(PROVIDED MATERIAL)

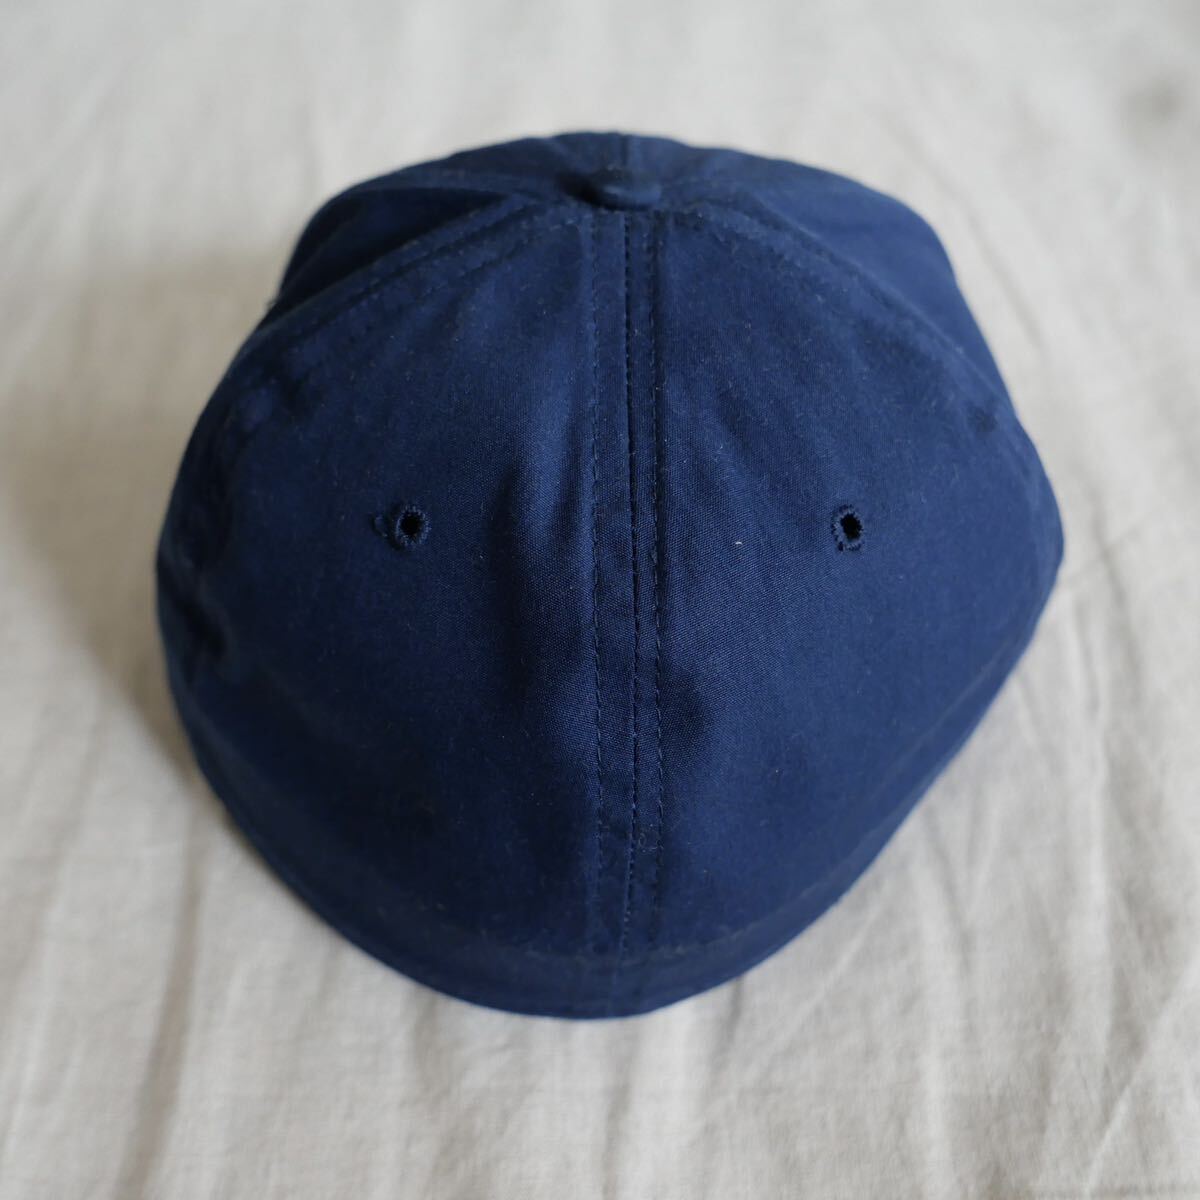 80s DEAD STOCK US NAVY UTILITY CAP utility cap dead stock America navy 7 1/2 K&S MANUFACTURING VINTAGE America made 
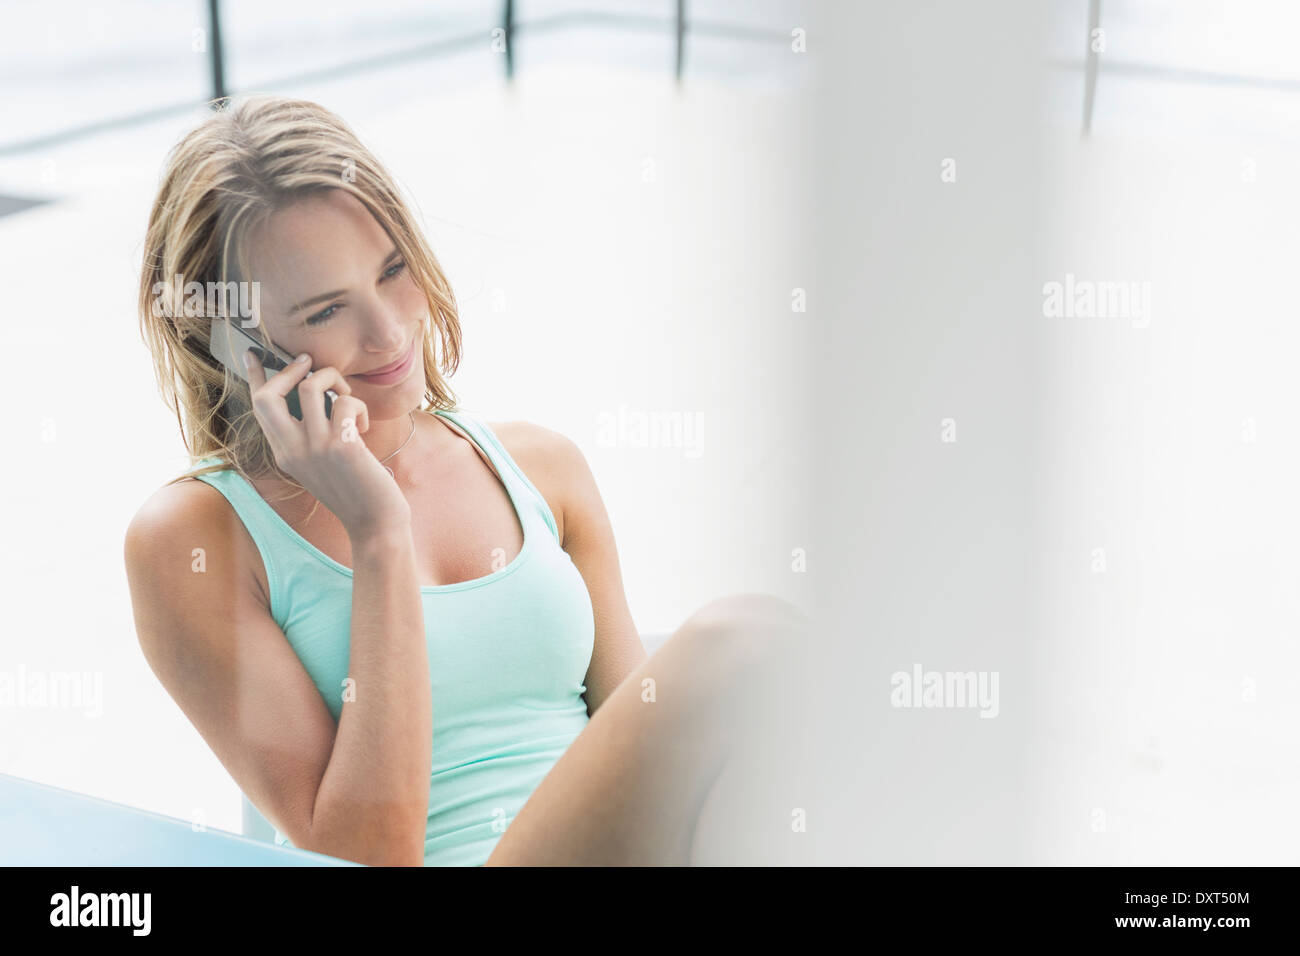 Smiling woman talking on cell phone on patio Stock Photo
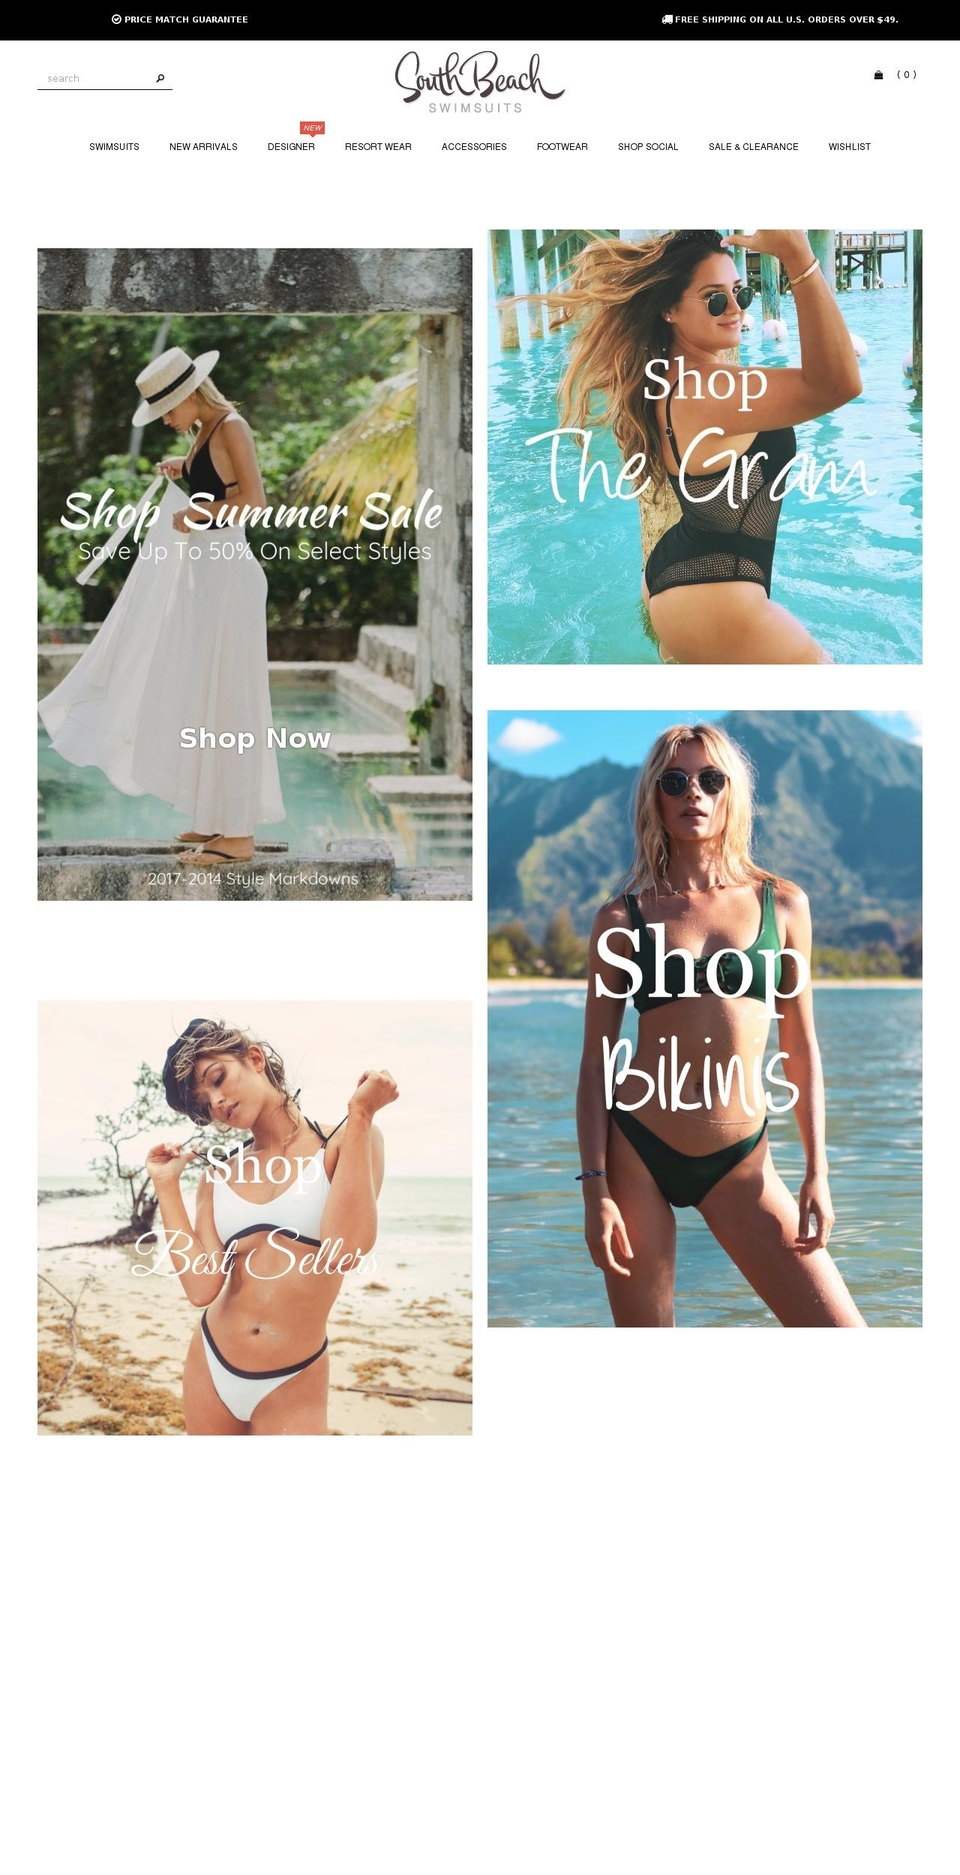 Made With ❤ By Minion Made - Updated Checkout Shopify theme site example mollybrownswimwear.net

(End PROVIDED MATERIAL)

ACTIVITY -
With the pictures left out, return the listing above exactly as it stands.

SOLUTION TO THIS EXERCISE -
 80s DEAD STOCK US NAVY UTILITY CAP utility cap dead stock America navy 7 1/2 K&S MANUFACTURING VINTAGE America made 
 Smiling woman talking on cell phone on patio Stock Photo
 Made With ❤ By Minion Made - Updated Checkout Shopify theme site example mollybrownswimwear.net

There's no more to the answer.